Fibroblast growth factor 5 is a protein that in humans is encoded by the FGF5 gene.

The majority of FGF family members are glycosaminoglycan binding proteins which possess broad mitogenic and cell survival activities, and are involved in a variety of biological processes, including embryonic development, cell growth, morphogenesis, tissue repair, tumor growth and invasion. FGF proteins interact with a family of specific tyrosine kinase receptors, a process often regulated by proteoglycans or extracellular binding protein cofactors. A number of intracellular signalling cascades are known to be activated after FGF-FGFR interaction including PI3K-AKT, PLCγ, RAS-MAPK and STAT pathways.

Receptor
FGF5 is a 268 amino acid, 29.1 kDa protein, which also naturally occurs as a 123 amino acid isoform splice variant (FGF5s). FGF5 is produced in the outer root sheath of the hair follicle as well as perifollicular macrophages, with maximum expression occurring in the late anagen phase of the hair cycle. The receptor for FGF5, FGFR1, is largely expressed in the dermal papilla cells of the hair follicle. The alternatively spliced isoform FGF5s, has been identified as an antagonist of FGF5 in a number of studies.

Role in hair cycling

The only described function of FGF5 in adults is in the regulation of the hair cycle. FGF5 performs a critical role in the hair cycle, where it acts as the key signalling molecule in initiating the transition from the anagen (growth) phase to the catagen (regression) phase. Evidence of this activity was initially gathered via targeted disruption of the homolog of the FGF5 gene in mice, which resulted in a phenotype with abnormally long hair.

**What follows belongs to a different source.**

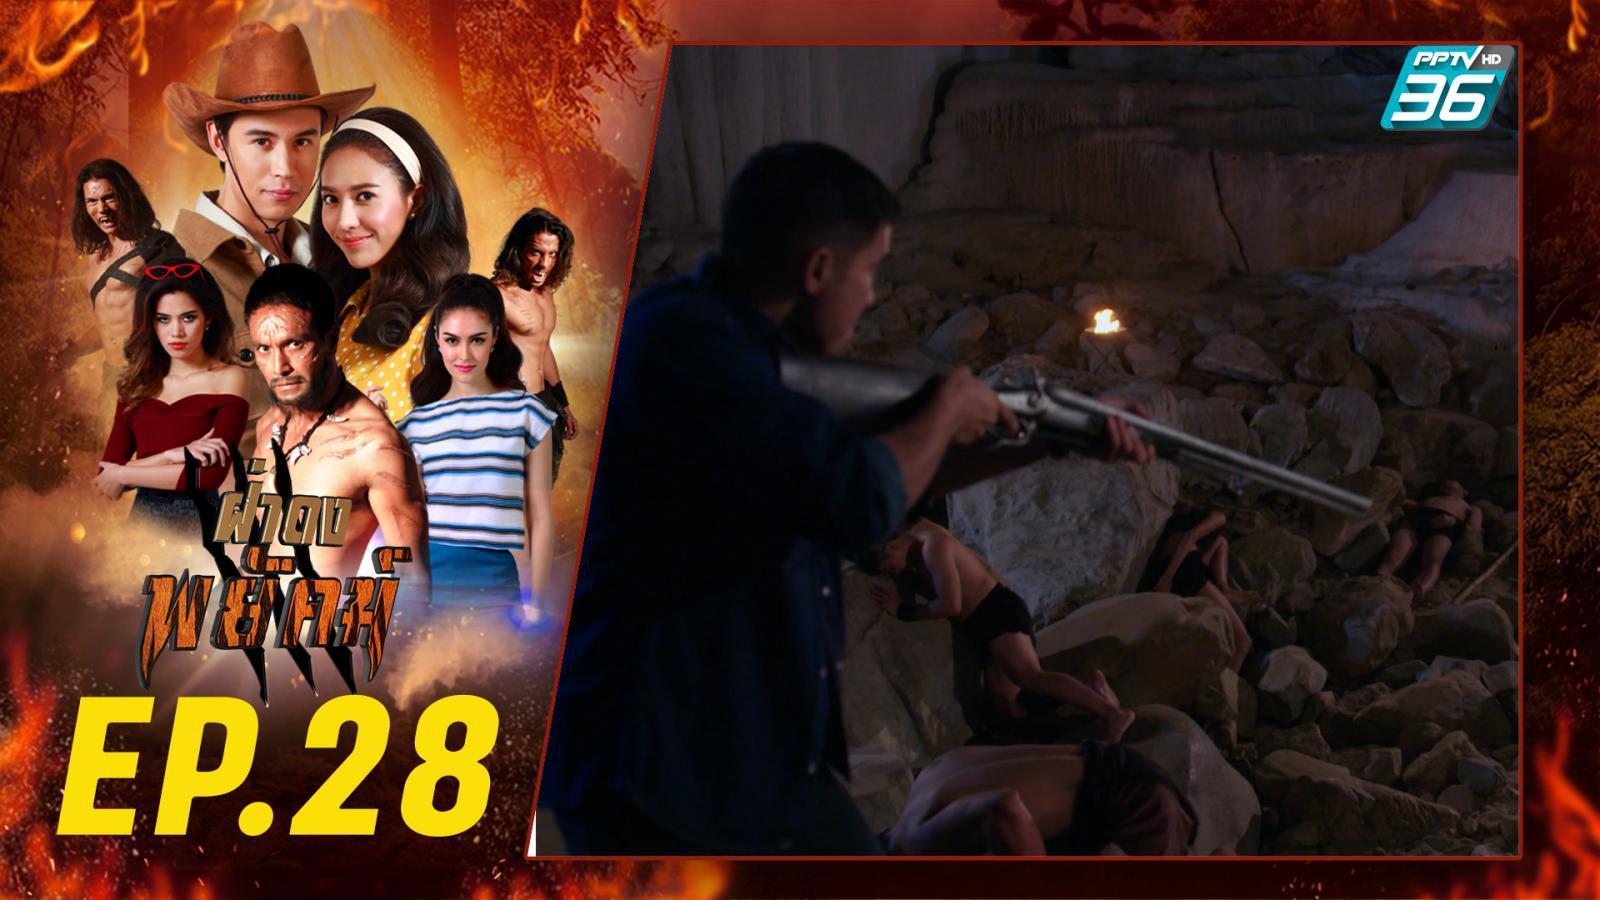 ดูย้อนหลัง | ฝ่าดงพยัคฆ์ EP.28 | ฆ่าล้างเผ่าพันธุ์

In numerous genetic studies of long haired phenotypes of animals it has been shown that small changes in the FGF5 gene can disrupt its expression, leading to an increase in the length of the anagen phase of the hair cycle, resulting in phenotypes with extremely long hair. This has been demonstrated in many species, including cats, dogs, mice, rabbits, donkeys, sheep and goats, where it is often referred to as the angora mutation. Recently, CRISPR modification of goats to artificially knock out the FGF5 gene, was shown to result in higher wool yield, without any fertility or other negative effects on the goats.

It has been hypothesised that, in an alternate type of mutation, positive selection for increased expression of the FGF5 protein was one of the contributing factors in the evolutionary loss of hair in cetaceans as they transitioned from the terrestrial to the aquatic environment.

FGF5 also affects the hair cycle in humans. Individuals with mutations in FGF5 exhibit familial trichomegaly, a condition that involves a significant increase in the portion of anagen phase hair as well as extremely long eyelashes. FGF5 has also been identified as a potentially important factor in androgenetic alopecia. In 2017, a large genome wide association study of men with early onset androgenetic alopecia identified polymorphisms in FGF5 as having a strong association with male pattern hair loss.

Blocking FGF5 in the human scalp extends the hair cycle, resulting in less hair fall, faster hair growth rate and increased hair growth. In vitro methods using engineered cell lines and FGFR1 expressing dermal papilla cells have identified a number of naturally derived botanical isolates including Sanguisorba officnalis, and single molecule members of the monoterpenoid family as inhibitors (blockers) of FGF5. Clinical studies have shown that topical application of formulations containing these natural extracts and molecules are beneficial in men and women experiencing hair loss.